Using the value_counts()
Method in Pandas
In this tutorial, we'll explore the value_counts()
method in Pandas, a powerful tool for counting the occurrences of values within a Series in a DataFrame. We'll cover its basic usage, as well as various arguments you can use to customize its behavior.

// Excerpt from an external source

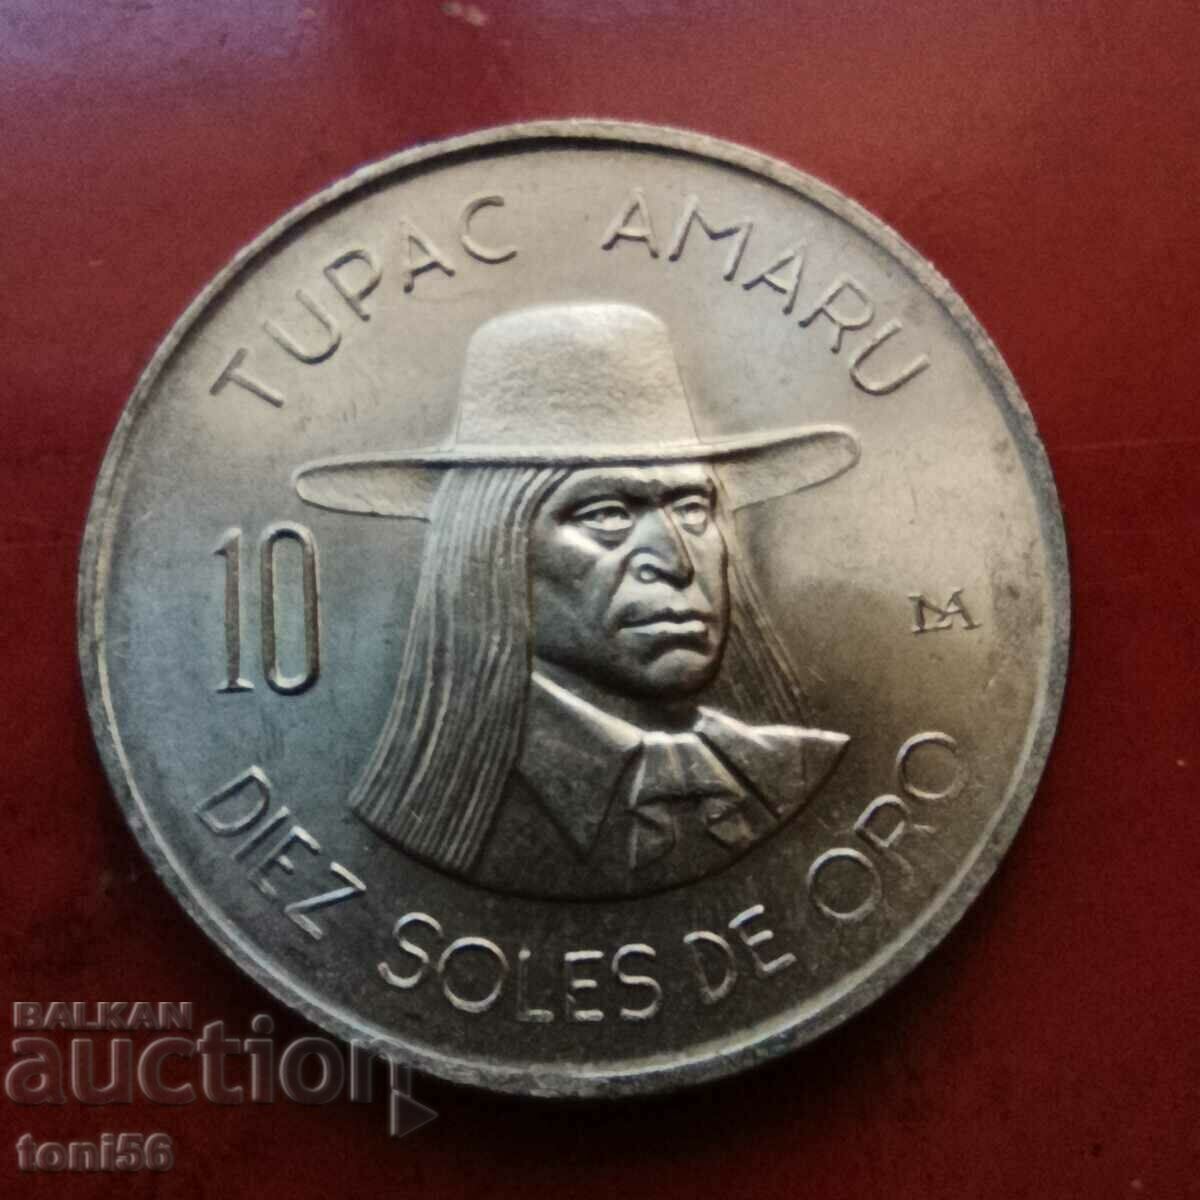 Peru 10 soles 1973 UNC - "Tupac Amaro"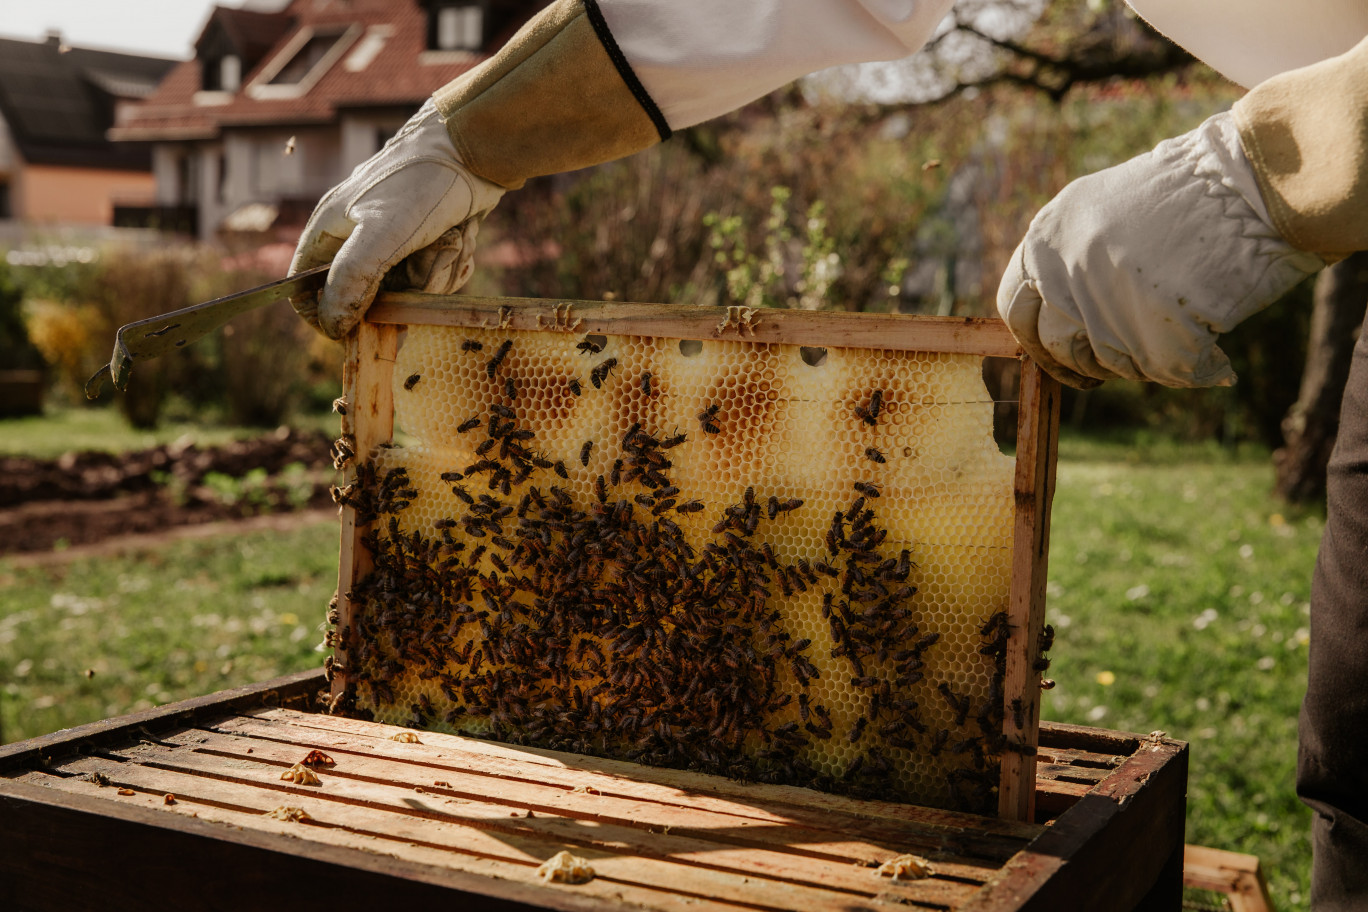 La municipalité de Rives-en-Seine installe de nouvelles ruches d’abeilles Buckfast.

1. Introduction to value_counts()
The value_counts()
method in Pandas is used to count the occurrences of unique values in a Series. It's particularly useful when you want to analyze the distribution of categorical data within a DataFrame.
1.1 Syntax:
Series.value_counts(normalize=False, sort=True, ascending=False, bins=None, dropna=True)
1.2 Parameters:
normalize
: If True, returns the relative frequencies of the unique values.sort
: If True, sorts the counts in descending order by default.ascending
: If True, sorts in ascending order.bins
: Specifies the number of equal-width bins to divide the data into (only works with numerical data).dropna
: If False, does not drop NaN values from the result.
Now, let's dive into each parameter and see how it influences the behavior of value_counts()
.
2. Basic Usage
2.1 Example Data
Let's assume we have a DataFrame containing information about the top richest people in the world. We'll focus on the 'industry' column for our examples.
import pandas as pd
# Assuming 'df' is our DataFrame containing the data
industry_counts = df['industry'].value_counts().sort_index()
print(industry_counts)
Output:
Fashion and retail 18
Finance 13
Technology 15
Name: industry, dtype: int64
3. Understanding Parameters
3.1 normalize
Setting normalize=True
returns the relative frequencies of unique values instead of counts.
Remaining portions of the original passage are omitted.